Women have been driving the political debate since November 2016 when it was Donald Trump and not Hillary Clinton that went to the White House. From the March on Washington to the Kavanaugh hearings, women are on a mission in the 2018 election, and if Democrats are going to win the House and Senate it will be on their shoulders.
Overall, 278 women won major party nominations this year in the U.S. House, Senate, and gubernatorial races. Of that number 22 women are running for the Senate and 235 women for the House. And more women are voting than ever too. If women turn out in the record numbers we saw during the primaries then they will change the electoral landscape in the biggest single election since 1992 – in the wake of Anita Hill – and possibly since women got the right to vote.
The most recent Fox News poll bears this out, showing women support the Democratic candidate by 18 points. Among non-white women, that number jumps to 56 points, and among women under the age of 45, 35 points. Support for a Democratic candidate among suburban women is by nine points.
It is a fitting response in the age of Trump when women watched the way Clinton was treated by him and by the media during the campaign – only to see they too are now targets.
If women keep working, organizing, and voting in record numbers, then the country will look very different on November 7th and every day thereafter.
Three years after Trump launched his presidential campaign the chants of “Lock her up” can still be heard at every one of his rallies. Trump criticizes African American women like Stacey Abrams, the Democratic nominee for Governor in Georgia, and Congresswoman Maxine Waters by questioning their intelligence.
The treatment of Professor Ford during the Kavanaugh hearings with the trite trope of “I believe something happened to her but I don’t believe her.” Kavanaugh’s own belligerent response to a question by Senator Amy Klobuchar, D-Minn., was stunning. Women speaking about their sexual assaults are called unhinged and when they protest a mob.
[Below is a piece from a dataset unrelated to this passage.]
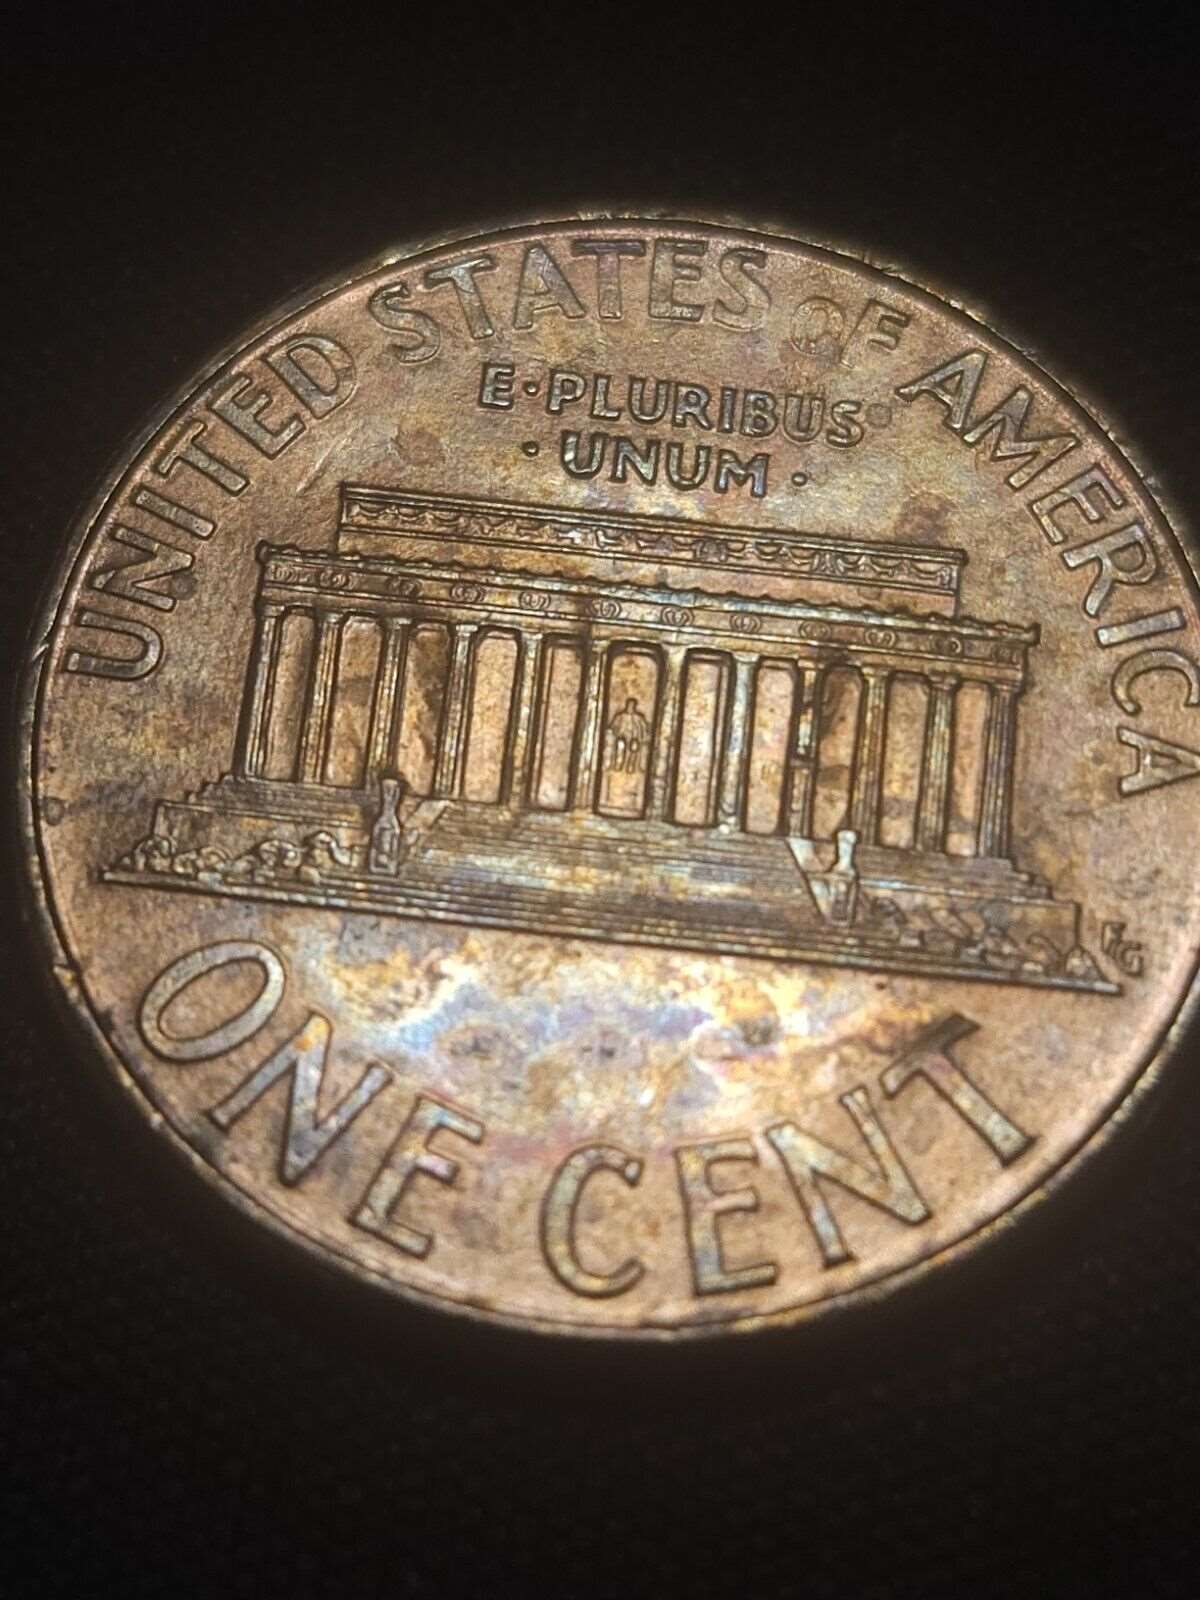 1998 Toned Lincoln Memorial Cent

The strategy of divide-and-conquer politics that started with race is now a full gender war pitting men and women against one another.
So women decided to take action and the country is taking note. African American women were crucial in the upset win by now-Senator Doug Jones in Alabama, organizing their family and friends to vote in that election. A recent New York Times article featured Christian conservative women supporting Beto O’Rourke, the Democratic Senate candidate in Texas. If women keep working, organizing, and voting in record numbers, then the country will look very different on November 7 and every day thereafter.
That change will be good for the country and a fitting antidote to the last two years of Trump.